Root & Bone Redefines Southern Comfort in Alphabet City
For a long time now, 200 East Third Street, a skinny parcel of real estate nestled between Avenues A and B, has been home to some of the city’s best Southern Comfort cooking. But for a good 15 of those years, the plates piled high with fried chicken, collard greens, cornbread and mac & cheese came courtesy of Mama’s Food Shop, a cheap and cheerful neighborhood institution, forced to shutter in 2012 in the face of rapid neighborhood gentrification and steeply rising rents. Less than two years later, and the heady scent of pork fat and chicken grease is wafting through the windows once again, but this time, it’s via the building’s newest tenants, Root & Bone, and they’ve attached a much dearer price to their biscuits and meatloaf.
As opposed to the cash-poor college students, hollow-eyed punk musicians and starving artists that used to haunt Mama’s, it’s hype, not value, that drives Root & Bone’s roster of chicly-dressed eaters. Even on an especially frigid and blustery Tuesday, they inevitably show up in such droves, that we were lucky to score a stool for one by the window, perched precariously by the waiting mob at the entrance, and fully exposed to drafts from the incessantly opening door.

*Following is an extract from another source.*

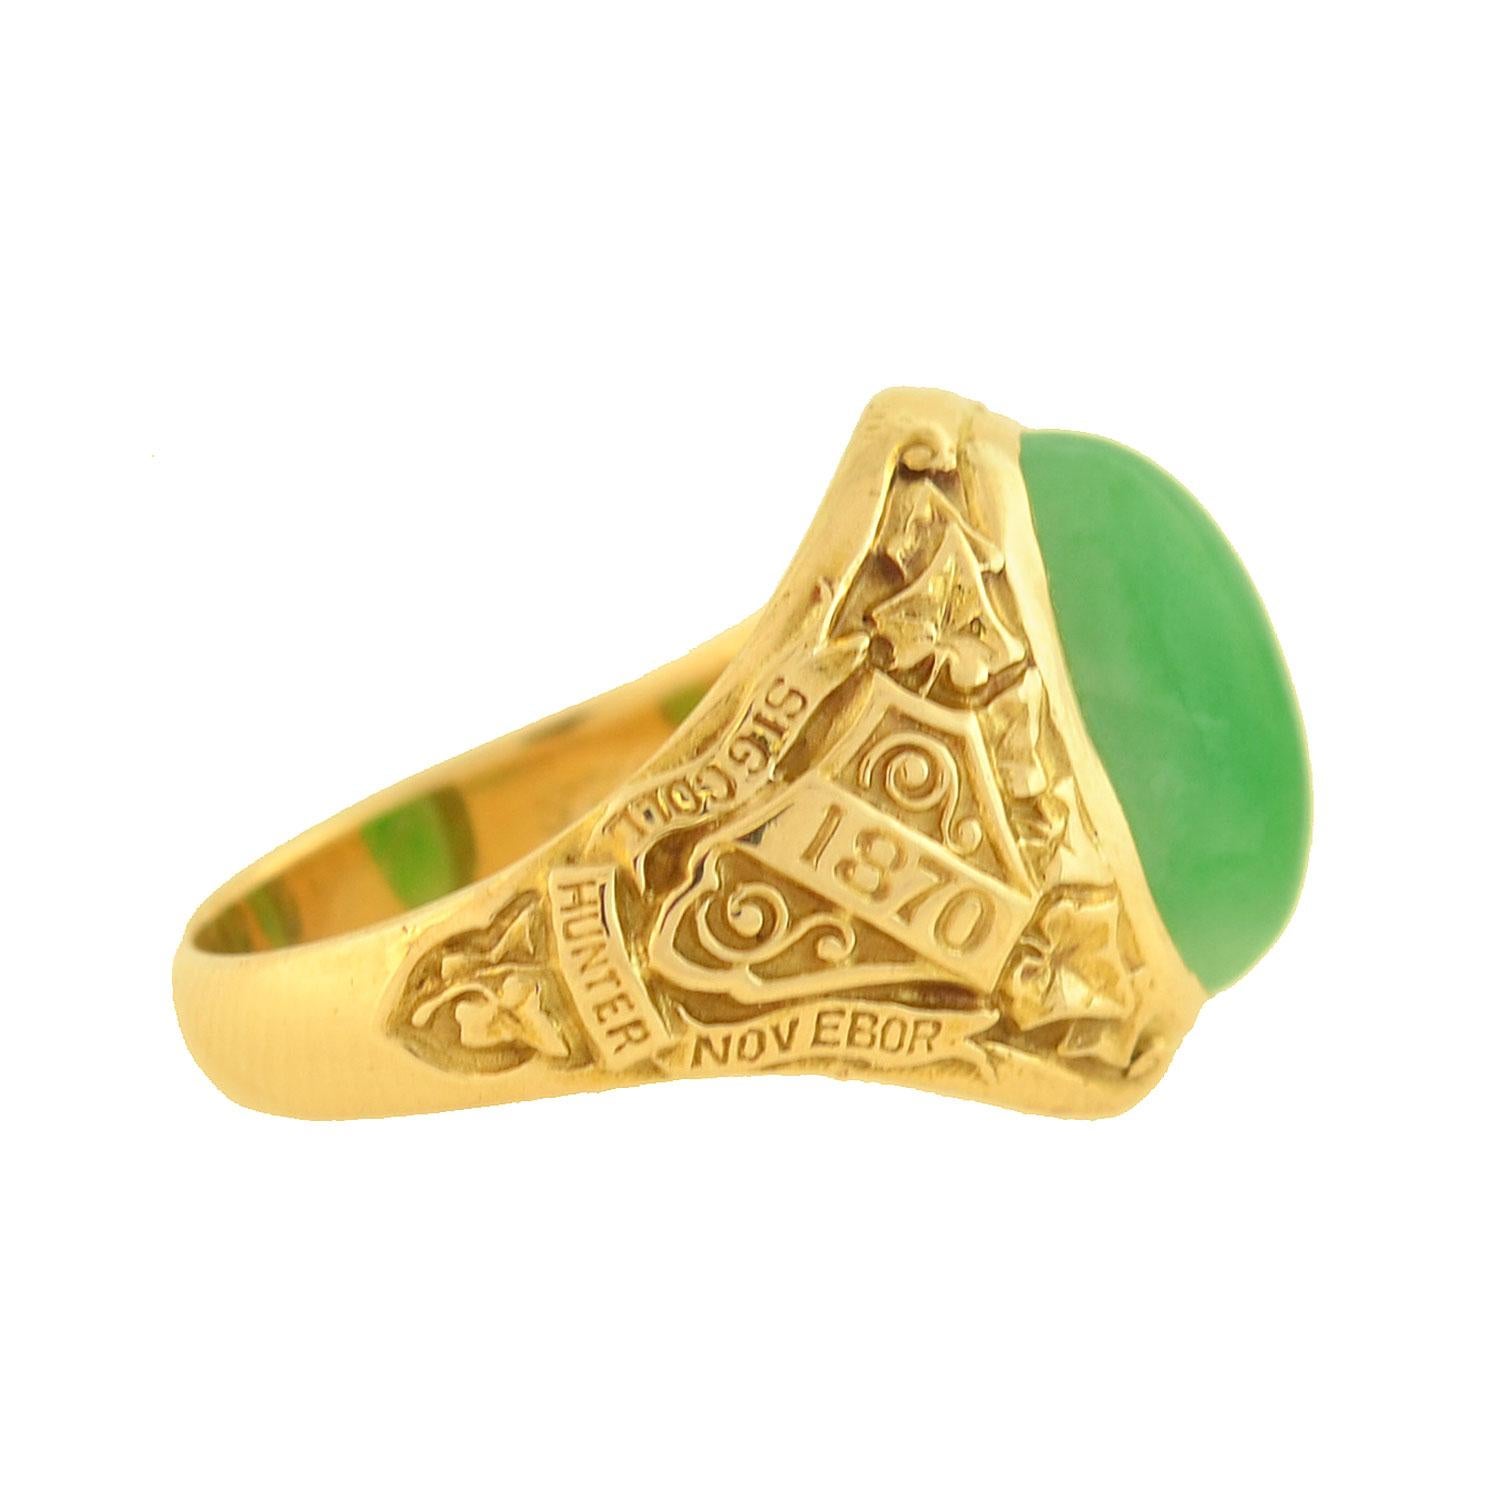 A wonderful commemorative class ring from the late Art Deco (ca1928) era, manufactured by legendary maker Tiffany & Company! Crafted in 14kt yellow gold, this striking piece from Hunter College features a gorgeous jade stone. Resting in the center

They come for the Fried Chicken, heralded by many as one of Manhattan’s best new birds. And indeed, it’s awfully impressive, brined in sweet tea, slathered in Tabasco honey, and ingeniously anointed with lemon “dust,” that cuts a bright, citrusy swath through the oily mouthfuls of crust, flesh and skin. It’s served by the half or whole bucket, but since you’ve doubtless waited long enough for your table, always go for the whole — it’ll taste just as good the next day. Other notable items include the Gooey Corn Spoonbread, a decadent casserole bound together with whipped buttermilk and cheddar cheese and served in its own cast iron pan, Seared Local Fish (most recently, skate), plated with mushrooms, English peas, and a sweet, concentrated Vidalia onion butter, and a hearty Rainbow Beet and Root Salad, dolloped with ricotta crème and strewn with smoky candied pecans. Wash it all down with whiskey-based cocktails like the “Kill Devil Hills;” bourbon, campari, oleo saccherum, and
sparkling wine, sprinkled with nutmeg. Did I mention it’s served in a teacup?
All in all, it’s difficult — and not particularly fair — to take issue with Root & Bone, which serves inarguably delicious, southern-inspired food to the new guard of Alphabet City. But with every house-infused tipple, every chef-y dish addition, like toasted benne seed sea salt, black pepper marshmallow, and Brooklyn lager jus, it’s hard not to mourn the memory of Mama’s, and the simple, unfussed culinary pleasures associated with old New York.